** INFORMATION PROVIDED **

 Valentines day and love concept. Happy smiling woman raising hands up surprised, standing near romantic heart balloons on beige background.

==

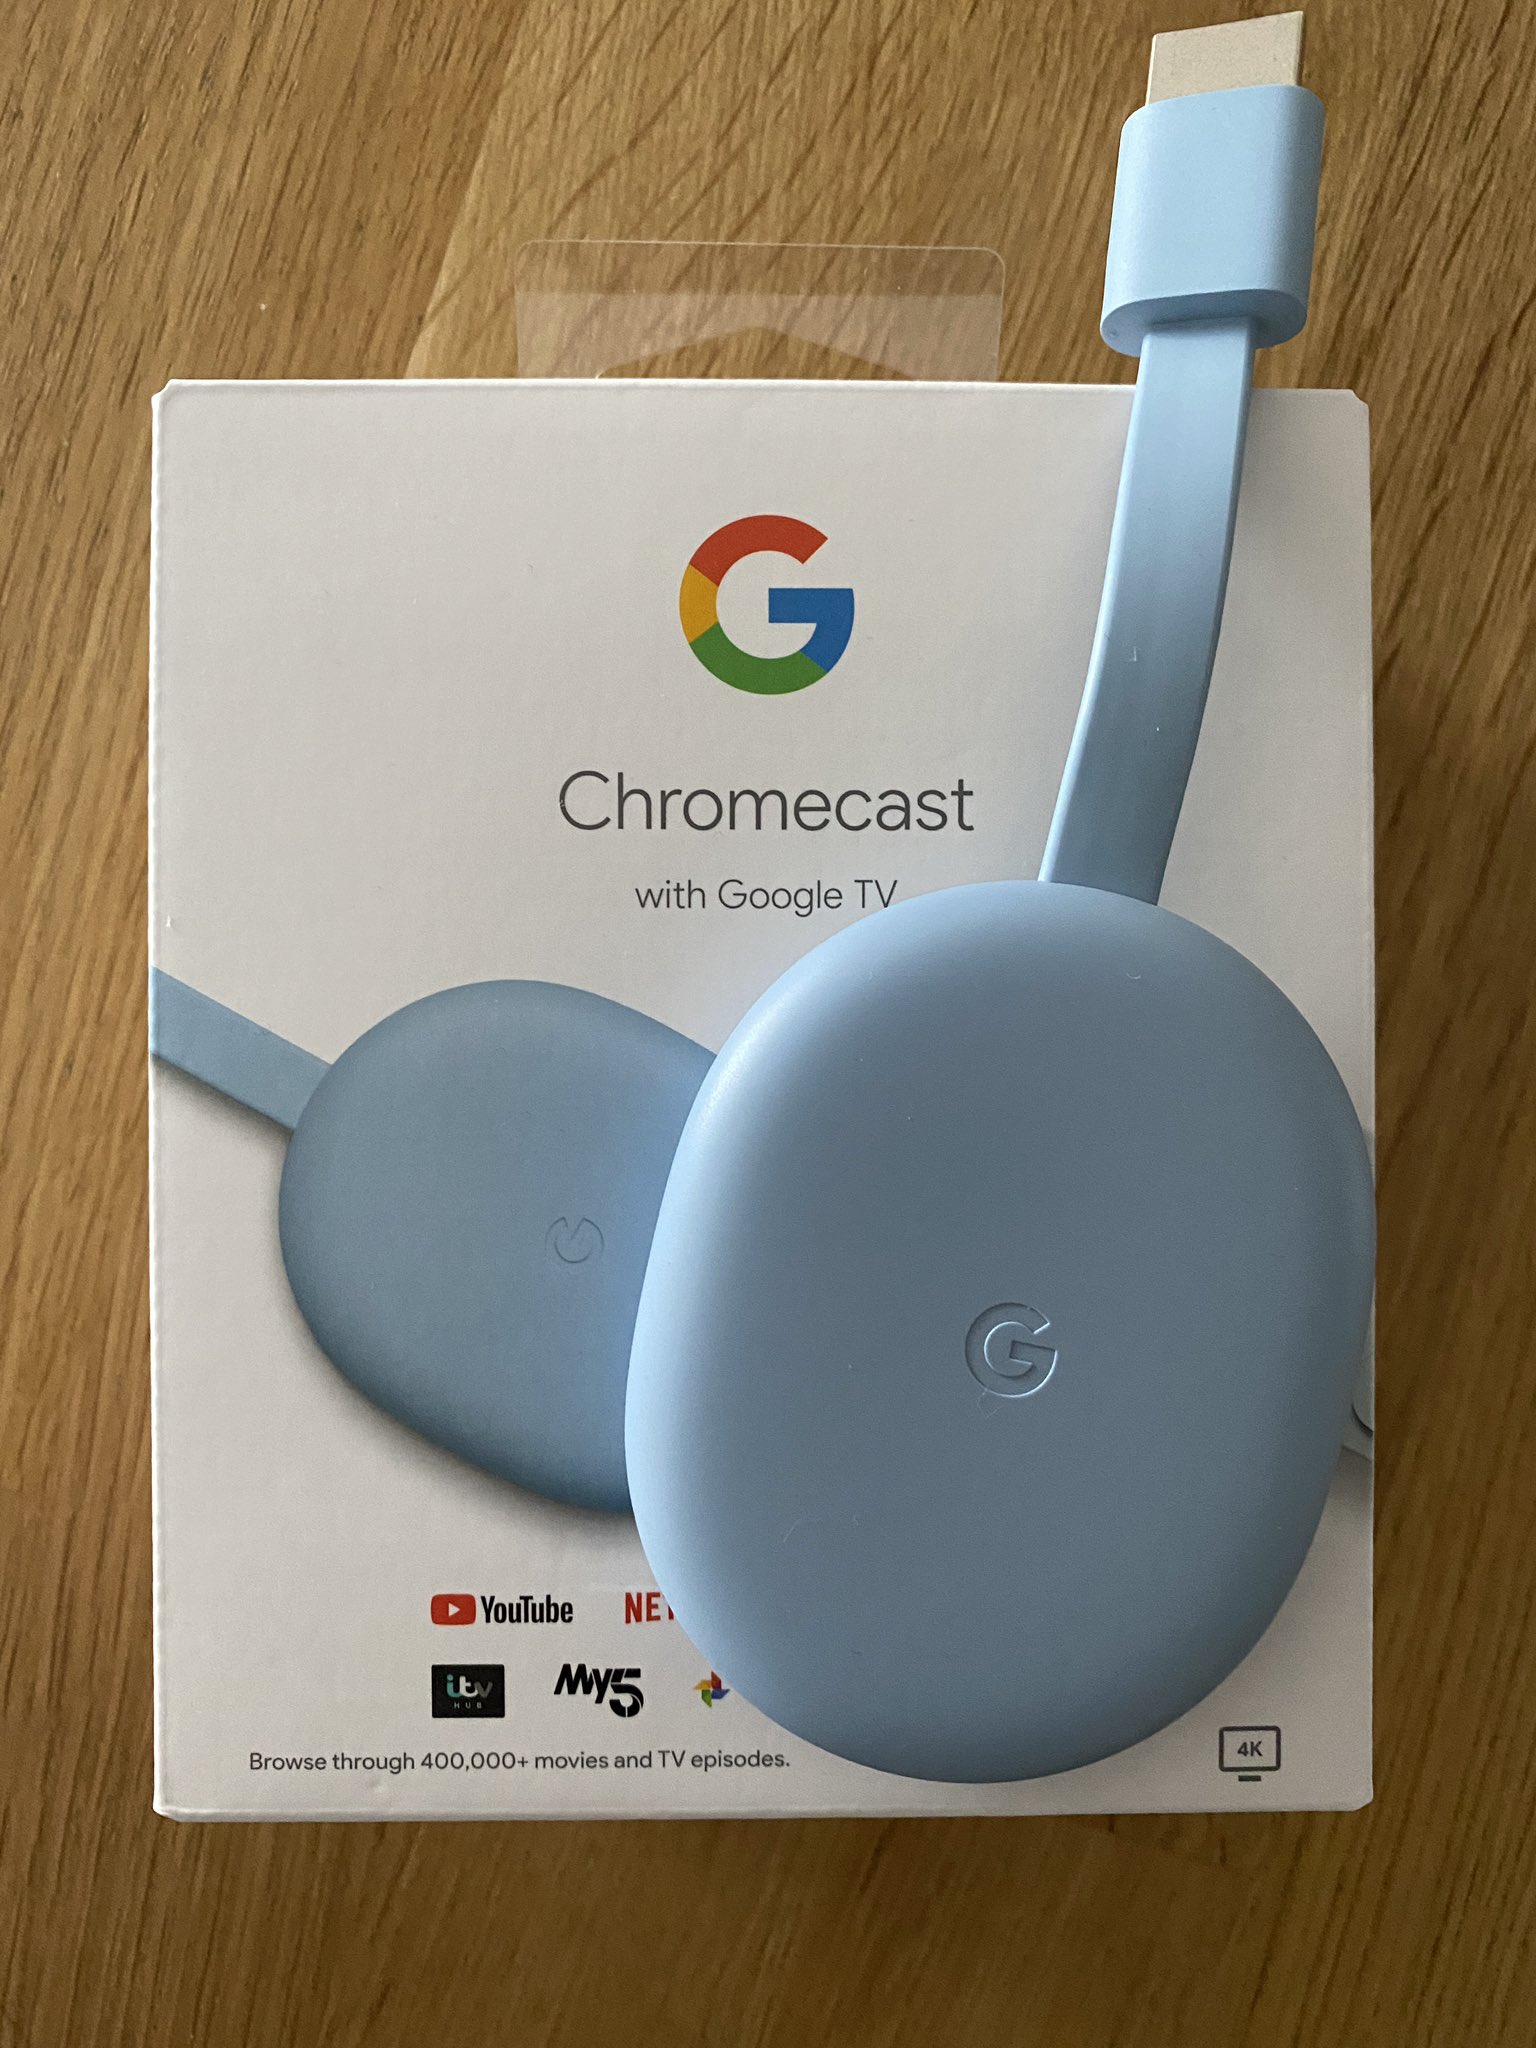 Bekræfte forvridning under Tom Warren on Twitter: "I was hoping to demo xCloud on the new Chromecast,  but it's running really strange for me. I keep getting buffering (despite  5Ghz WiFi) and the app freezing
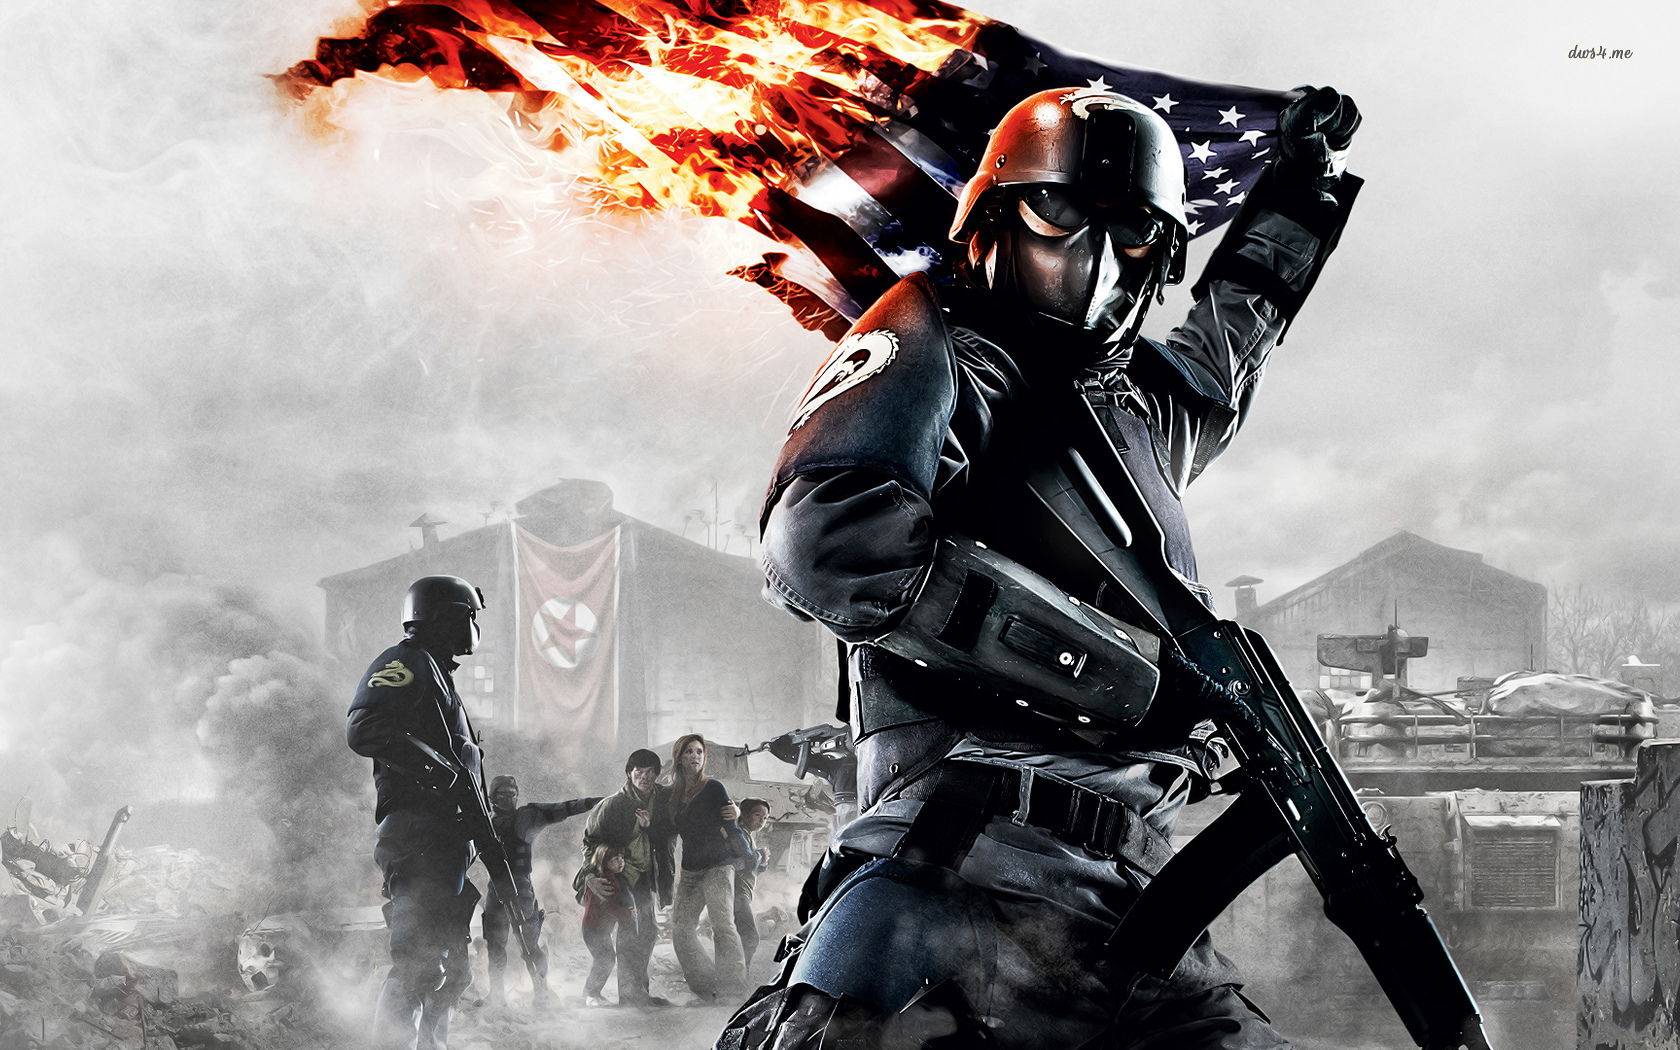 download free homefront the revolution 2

** TASK ITEM **
Return exactly the lines that appear in the data above between the line containing "Bekræfte forvridning under" and the line containing "download free homefront the revolution 2", both of which are included, and leave the pictures out.

** EXERCISE ANSWER **
 Bekræfte forvridning under Tom Warren on Twitter: "I was hoping to demo xCloud on the new Chromecast,  but it's running really strange for me. I keep getting buffering (despite  5Ghz WiFi) and the app freezing
 download free homefront the revolution 2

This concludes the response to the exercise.